_Task to complete:_ Lines from the entries below that hold "Photography" form the answer; copy all of them.

_Record excerpts:_
——

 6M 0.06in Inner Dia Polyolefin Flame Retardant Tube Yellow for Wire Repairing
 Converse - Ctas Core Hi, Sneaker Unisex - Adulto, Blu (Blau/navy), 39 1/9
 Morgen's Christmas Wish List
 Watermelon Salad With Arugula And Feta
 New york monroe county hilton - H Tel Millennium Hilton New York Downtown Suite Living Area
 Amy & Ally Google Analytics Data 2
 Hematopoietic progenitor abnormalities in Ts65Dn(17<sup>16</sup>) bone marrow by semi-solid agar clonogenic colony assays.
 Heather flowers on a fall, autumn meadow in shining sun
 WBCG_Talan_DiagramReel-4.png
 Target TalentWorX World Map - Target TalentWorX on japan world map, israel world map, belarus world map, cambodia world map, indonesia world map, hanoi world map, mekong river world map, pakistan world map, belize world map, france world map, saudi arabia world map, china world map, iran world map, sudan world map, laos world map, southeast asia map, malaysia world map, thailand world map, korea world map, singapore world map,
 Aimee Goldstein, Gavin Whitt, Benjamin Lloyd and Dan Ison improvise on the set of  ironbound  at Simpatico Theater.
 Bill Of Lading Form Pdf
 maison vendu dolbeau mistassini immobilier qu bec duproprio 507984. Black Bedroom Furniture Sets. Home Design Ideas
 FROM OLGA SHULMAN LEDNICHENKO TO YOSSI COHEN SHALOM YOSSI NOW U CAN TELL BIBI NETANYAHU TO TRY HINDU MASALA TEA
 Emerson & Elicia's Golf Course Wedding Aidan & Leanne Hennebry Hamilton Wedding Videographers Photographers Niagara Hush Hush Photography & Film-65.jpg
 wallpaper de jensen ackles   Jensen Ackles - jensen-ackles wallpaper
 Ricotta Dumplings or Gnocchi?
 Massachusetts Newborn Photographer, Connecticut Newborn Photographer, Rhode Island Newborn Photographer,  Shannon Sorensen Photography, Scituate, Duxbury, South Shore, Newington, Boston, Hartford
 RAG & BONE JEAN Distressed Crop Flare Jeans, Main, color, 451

——

_Output for this exercise:_
 Emerson & Elicia's Golf Course Wedding Aidan & Leanne Hennebry Hamilton Wedding Videographers Photographers Niagara Hush Hush Photography & Film-65.jpg
 Massachusetts Newborn Photographer, Connecticut Newborn Photographer, Rhode Island Newborn Photographer,  Shannon Sorensen Photography, Scituate, Duxbury, South Shore, Newington, Boston, Hartford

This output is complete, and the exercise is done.